Great post! Now I know what a real bike fitting entails. Of course, finding a shop that good in cental IL would be the hardest part! Congrats on the new bike!

Slowdad

Bike looks good! Looking forward to seeing you out on it.

I've never gotten fit up on my bike. I think it'd probably be a good idea.

TriWithMS

I'm sure I missed a bunch of the other steps he took, I'll have to call him up sometime and ask him to explain his steps so I can be more complete and people really get a good sense of how detailed they are.

That's too bad that there aren't any places in IL for you to get this done Ashleigh, maybe you should fly up to Toronto! ;D

Slowdad - You'll see me on it soon. I'm not sure how close I'll be following your wheel if we go out for ride since it does feel unsafe not having the brakes handy. It does 'feel' fast when I took it up and down the street a couple times, but that could just be all the extra adrenaline coursing through my veins. Hmmm, how is this going to work? How can I still go riding with you without hiding into your slipstream the whole time?

Thanks for the comments.

Cheers,

Rob.

Tom

Great post! Aside from squeezing out more power and keeping you comfortable for long periods, a proper fit also significantly reduces the chances of injury so it's definitely worth it. Unlike other sports, the mechanical motions on a bike are extremely repetitive, and if anything is even slightly out of kilter that repeated stress will eventually add up to cause trouble.


As for group rides, you will want to leave extra room on a TT bike like this.
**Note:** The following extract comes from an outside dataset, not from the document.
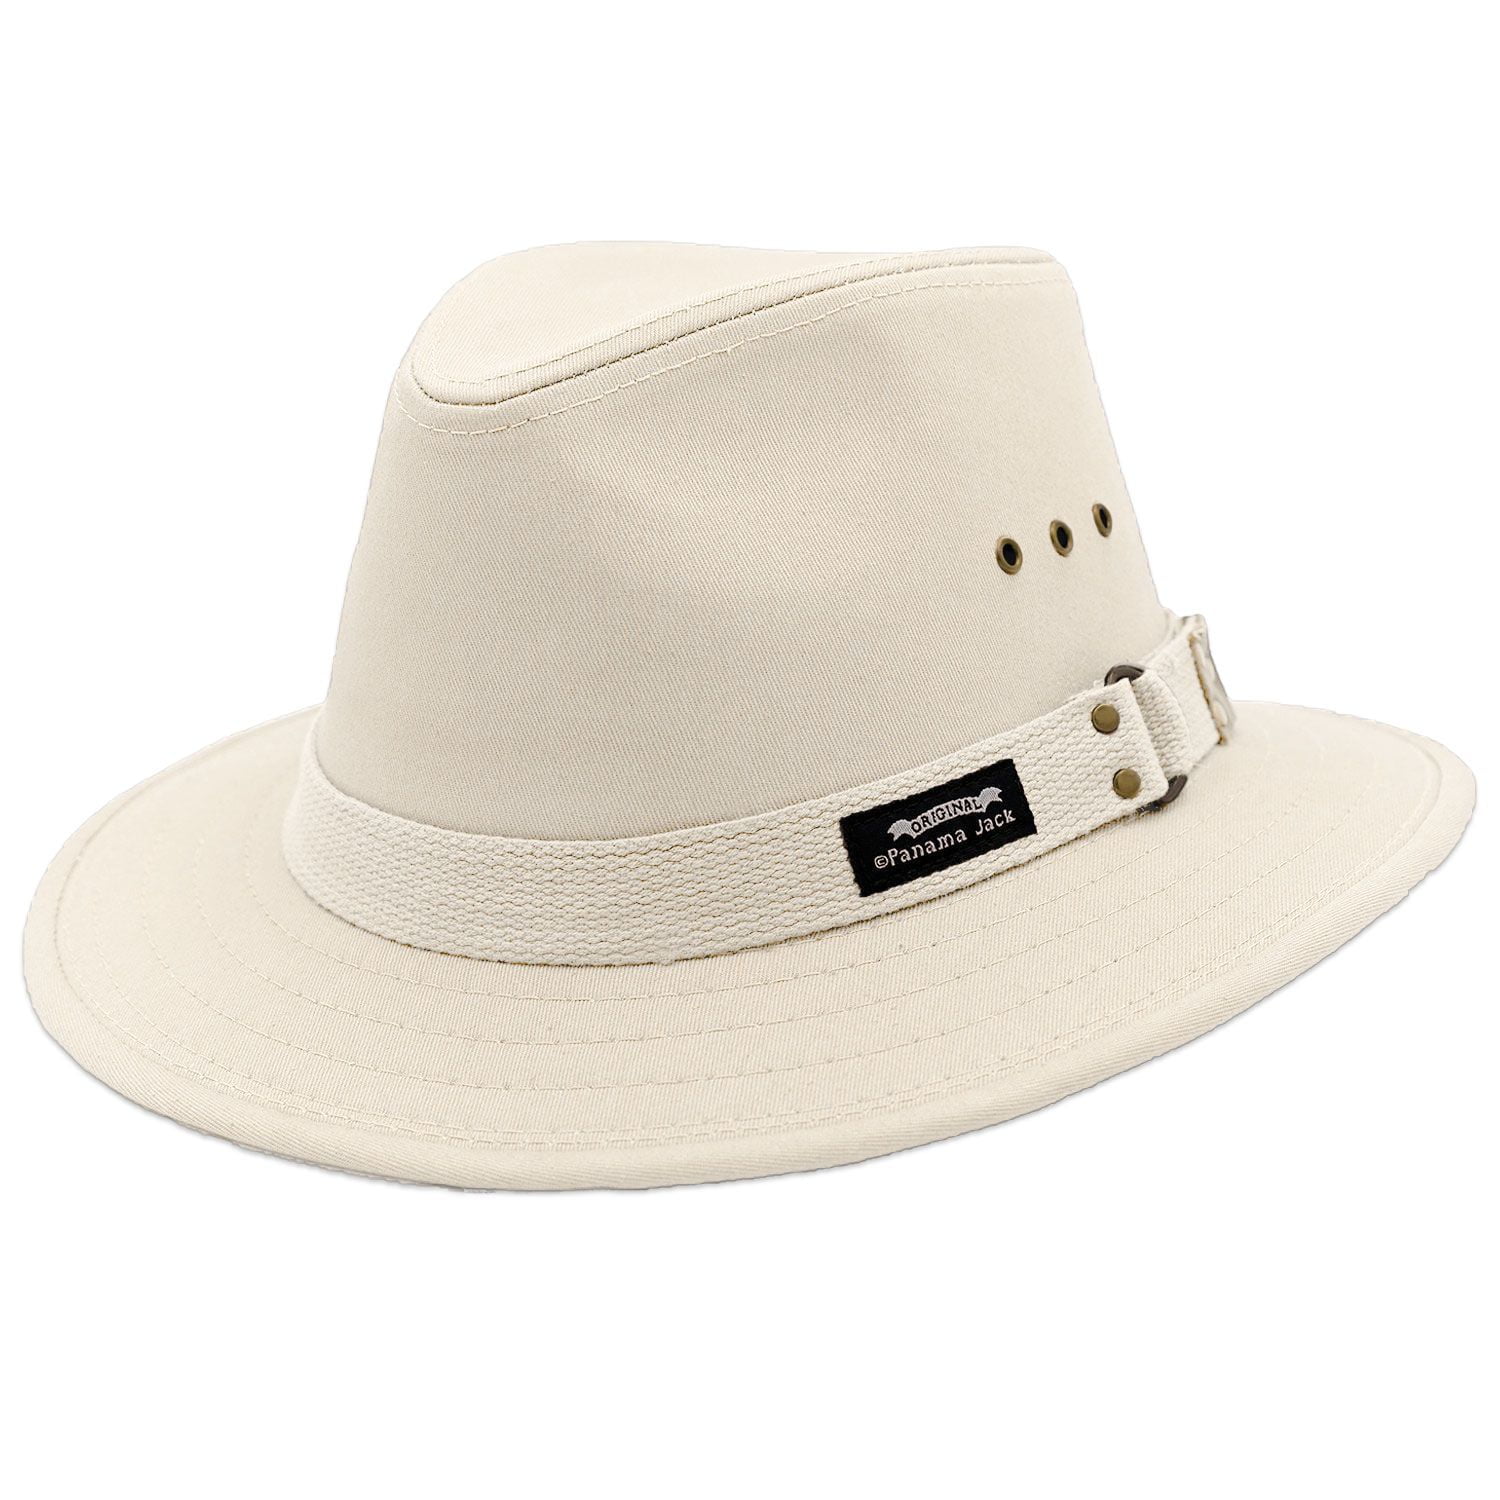 Panama Jack Natural Matte Toyo Safari Sun Hat

Aside from the brakes not being immediately available, steering is a *lot* less forgiving so you need to be careful as every tiny movement in your arms will effect your trajectory. These bikes are designed for racing in events where drafting isn't permitted, so they make compromises to control in order to eek out every bit of aerodynamic advantage that they can get (cockpit layout, shorter wheel base, more forward weight distribution, etc.).

The nice thing is that the differences can be dramatic, and you'll likely see a significant improvement in speed. As such, in many cases you'll be able to push your way to the front of the pack where those disadvantages become moot.

With that said, when riding in a draft you can always switch to the pursuit bars. That will give you most of the control back, and you'll have the brakes available without moving your hands around. You naturally won't be as aerodynamic, but when you're in a draft that's not a huge liability (you're protected from the wind, so it's much less significant).